2. Kahraman (Ben) Bakış Açısı:
Olaylar, hikâye kahramanlarından birinin ağzıyla anlatılır. Olayları yaşayan kahraman, olaylar karşısındaki izlenim ve tutumunu kendi bakış açısıyla yansıtır. Bu bakış açısında anlatıcı birinci kişidir.
3. Gözlemci (Müşahit) Bakış Açısı:Anlatıcı; gördüklerini, tanık olduklarını aktarır. Hikâye kahraman- larının aklından geçenleri bilmez. Anlatıcının anlatımı gördükleriyle sınırlıdır. Nesnel bir tutum sergilenir. Bu bakış açısında anlatıcı üçüncü kişidir.
Bir metinde birden fazla anlatıcı ve bakış açısı bulunabilir, anlatıcının değişmesine göre bakış açısı da değişebilir.
Teması, konusu ve çatışma unsurları ile hikâye; yazıldığı dönemin siyasi, ekonomik, kültürel özelliklerini yansıtır. Tema, hikâyedeki temel duygu veya düşüncedir, soyut ve geneldir: sevgi, dostluk vb. Konu, hikâyedeki duygu veya düşüncenin somut bir duruma bağlı olarak ele alındığı olgudur, temayı sınırlandırır:
Türkiye’de aile bağları vb. Karşılaşma, olay çevresinde gelişen edebî metinlerde çatışmaları, olay halkalarını veya yeni durumları oluşturacak şekilde kahramanların yüz yüze gelmeleridir. Çatışma, hikâyede karşıt duygu, düşünce ve isteklerin; kişilik özelliklerinin bir arada sergilenmesi ile ortaya çıkan durumdur. Olayların dayandığı asıl ögedir, merak duygusunu canlı tutar: hayal-gerçek çatışması vb.
Hikâye Türleri
Hikâyeler genel olarak olay hikâyesi ve durum hikâyesi olmak üzere ikiye ayrılır:
Olay Hikâyesi:
Hikâyedeki olayın serim, düğüm ve çözüm bölümlerine uygun olarak mantıksal bir sıralamayla sonuca bağlandığı hikâye türüdür.
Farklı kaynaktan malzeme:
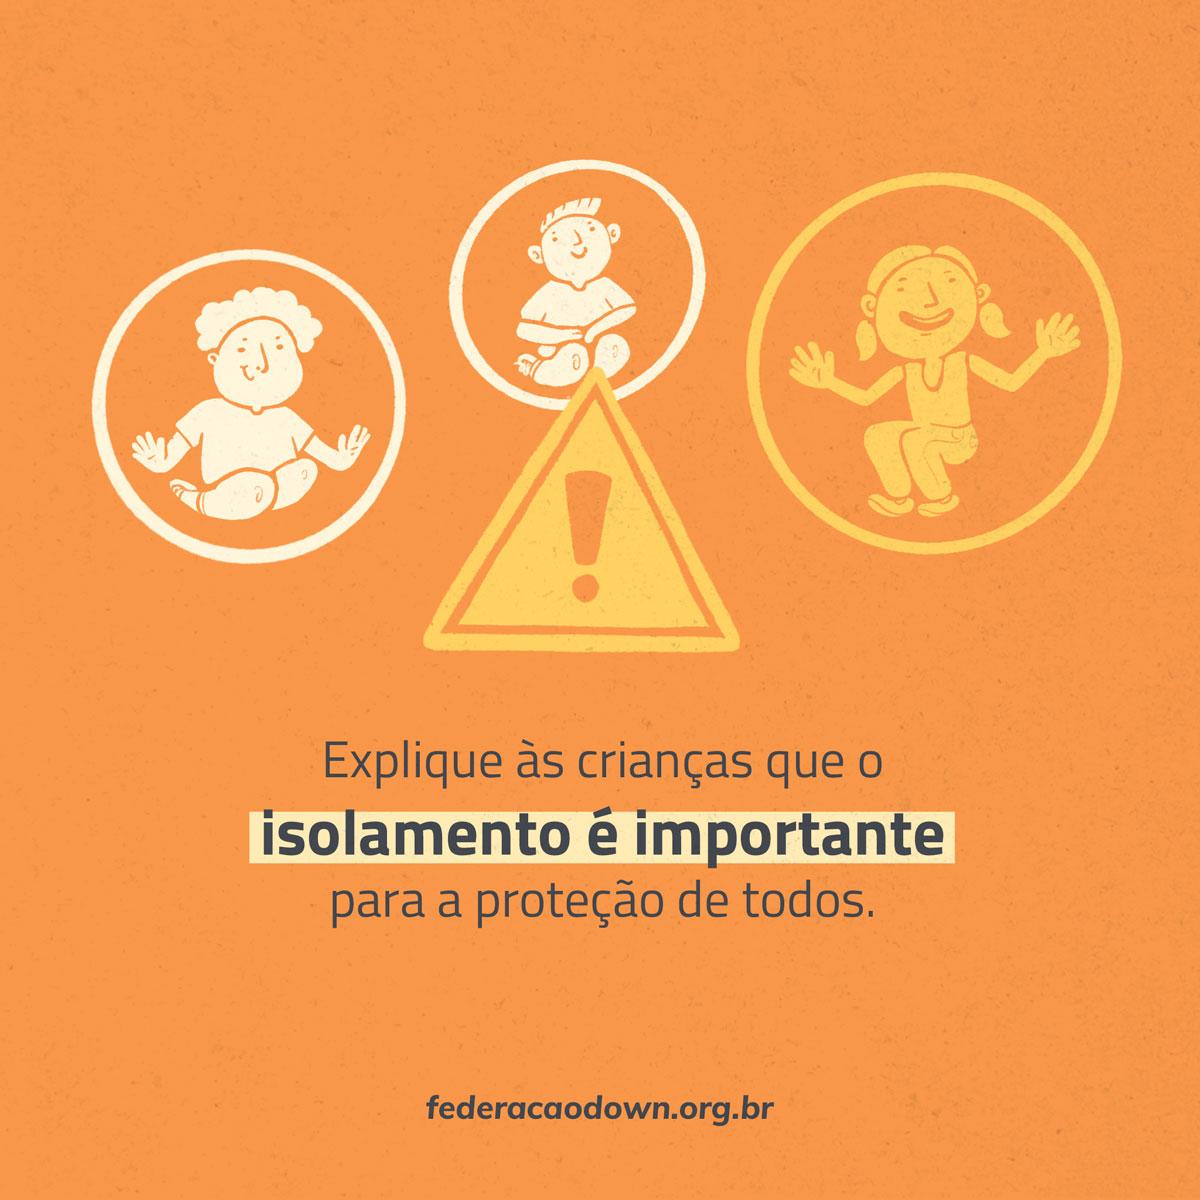 """Imagem: Sobre fundo laranja, na metade superior estão três ilustrações de crianças agachadas sorrindo (duas em branco e uma em amarelo), cada uma delas está envolta por um círculo e no meio dos três há um ponto de exclamação (amarelo). Abaixo está escrita a frase: """"Explique às crianças que o isolamento é importante para a proteção de todos"""". Na parte inferior aparece o site federacaodown.org.br."""

Bu tarz hikâyenin temeli bir olay anlatımına dayanır.
Olay hikâyesinde kahramanların ve çevrenin tasvirine önem verilir, okuyucuda merak ve heyecan duygusu uyandırılır.
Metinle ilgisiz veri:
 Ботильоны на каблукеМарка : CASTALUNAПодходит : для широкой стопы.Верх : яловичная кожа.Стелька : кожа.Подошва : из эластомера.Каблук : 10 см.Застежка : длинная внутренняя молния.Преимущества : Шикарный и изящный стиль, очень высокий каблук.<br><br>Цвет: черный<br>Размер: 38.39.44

Fransız yazar Guy de Maupassant (Giy dö Mopasan) tarafından geliştirilen bu hikâye türüne Maupassant tarzı hikâye de denir.
Olay hikâyesinin Türk edebiyatındaki başlıca temsilcileri Ömer Seyfettin, Refik Halid Karay ve Reşat Nuri Güntekin’dir.
Durum Hikâyesi:
Olaylardan çok, günlük yaşamın bir kesitini ele alıp anlatan hikâye türüdür.
Durum hikâyesinde ruhsal çözümlemelere ağırlık verilir, olay ikinci planda kalır.
Bu tarz hikâyede serim, düğüm, çözüm bulunmaz; okuyucunun merak duygusuna seslenilmez.
Rus yazar Anton Çehov tarafından geliştirilen bu hikâye türüne Çehov tarzı hikâye de denir. Durum hikâyesinin Türk edebiyatın- daki başlıca temsilcileri Memduh Şevket Esendal ve Sait Faik Abasıyanık’tır.